The next Final Fight game released, Final Fight Revenge, eschewed the side-scrolling beat'em up gameplay in favor of a one-on-one 3D fighting game format.

Plot
Following the annihilation of the Mad Gear Gang, a new criminal group named the Skull Cross Gang emerges as the new dominant criminal organization in Metro City. When Guy returns to Metro City from his martial arts training and reunites with his old friend Mike Haggar, the Mayor of Metro City, the two are suddenly alerted that the Skull Cross Gang has started a riot in the downtown area of the city. Joined by Lucia, a detective in the Metro City Police's Special Crimes Unit, and Dean, a street fighter whose family was murdered by the Skull Cross Gang, Guy and Haggar must once again save Metro City from its newest menace.

Gameplay

The player has a choice between four characters: Guy and Haggar from the original Final Fight return, along with new heroes Lucia and Dean. As in the previous Final Fight games, each character has their own set of moves, techniques and abilities unique to their character. Like in Final Fight 2, the game can be played alone or with a second player, along with an additional game mode that allows a single player be accompanied by a CPU-controlled partner.

The player has many new abilities which were not available in the previous Final Fight games. The player can now dash and perform dashing attacks or dashing jump attacks like in the previous Capcom beat-em-up Captain Commando. The player can also grab enemies from behind  and perform holding and throwing attacks, as well as move while keeping the direction the player is facing locked.

The player also has access to command-based special techniques similar to Street Fighter, including a Super Move. Much like the Super Combos featured in Super Street Fighter II Turbo, the player has a Super Move gauge which fills up as the player performs their regular attacks against enemies. When the gauge is full, the player will have access to a powerful Super Move, which will consume the entire gauge. If the Super gauge remains full for a certain period and the Super move is not used, then the gauge will be emptied automatically.

Like in the previous Final Fight games, the player has access to weapons, health-restoring food and other bonus point items, which are stored inside breakable drums. Each character in Final Fight 3 specializes in a specific weapon and if the player picks up their character's preferred weapon, then they will have access to a unique combo attack exclusive to the character (for example, Guy specializes in using nunchaku).

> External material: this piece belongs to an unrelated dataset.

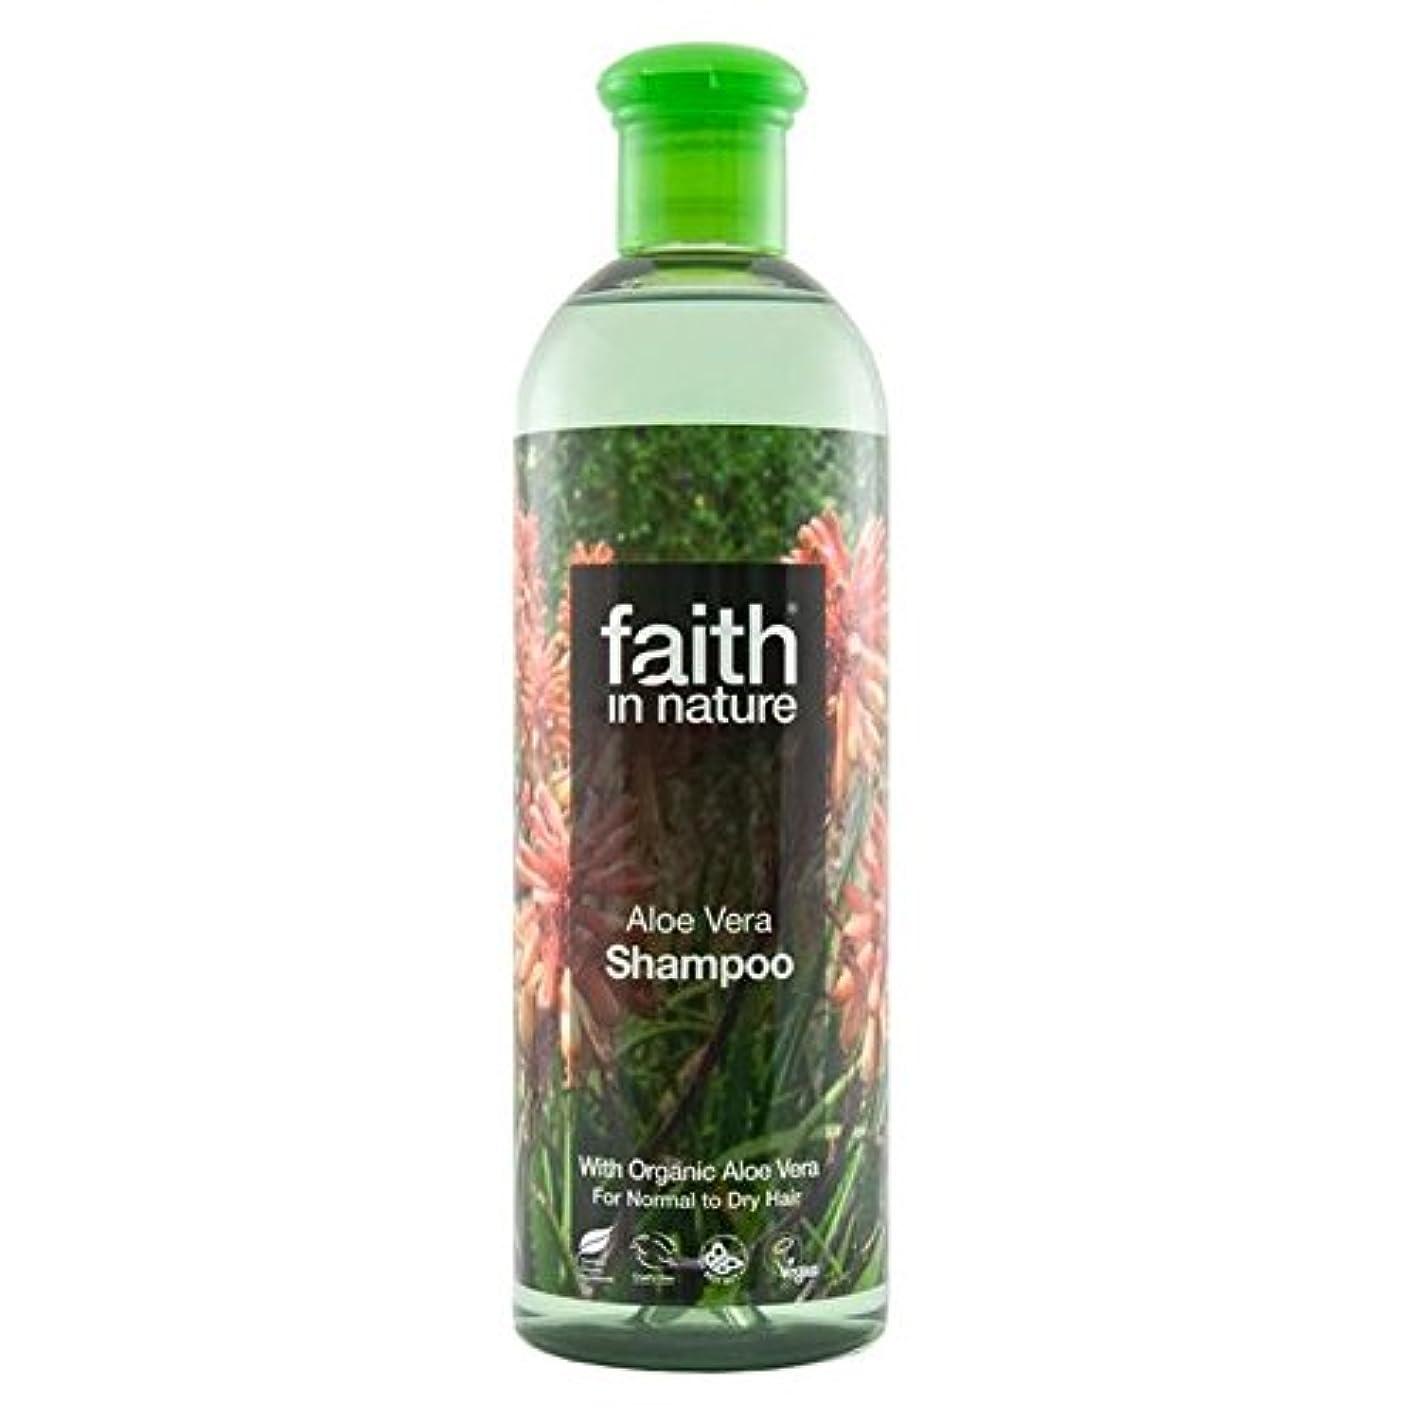 高齢者かご熟考するFaith in Nature Aloe Vera Shampoo 400ml (Pack of 4) - (Faith In Nature) 自然アロエベラシャンプー400ミリリットルの信仰 (x4) [並行輸入品]

There are a total of six stages in the game, each with their unique boss character. The stages in the game feature multiple paths that changes the areas the player will visit, as well as the enemies and bosses they encounter. The game's ending changes depending on the selected character, the path taken to reach the end of the game, and the difficulty setting.

Reception

GamePro gave the game a mixed review, summarizing that "Although Final Fight 3 has more characters and moves than its precursors, the gameplay quickly feels routine." They approved of the addition of Lucia but felt Dean's moves were "sluggish and awkward" and that the bosses were little more than oversized regular enemies. While they praised the graphics and the branching stages, they felt the repetitiveness of the gameplay outweighed these. The four reviewers of Electronic Gaming Monthly similarly felt that despite the improved graphics and new features, the game felt like simply "more of the same" with overly repetitive gameplay. A reviewer for Next Generation too felt that the additions were not enough to make the game a significant step forward from the original, and remarked, "It's not dull, but it's not all that exciting either."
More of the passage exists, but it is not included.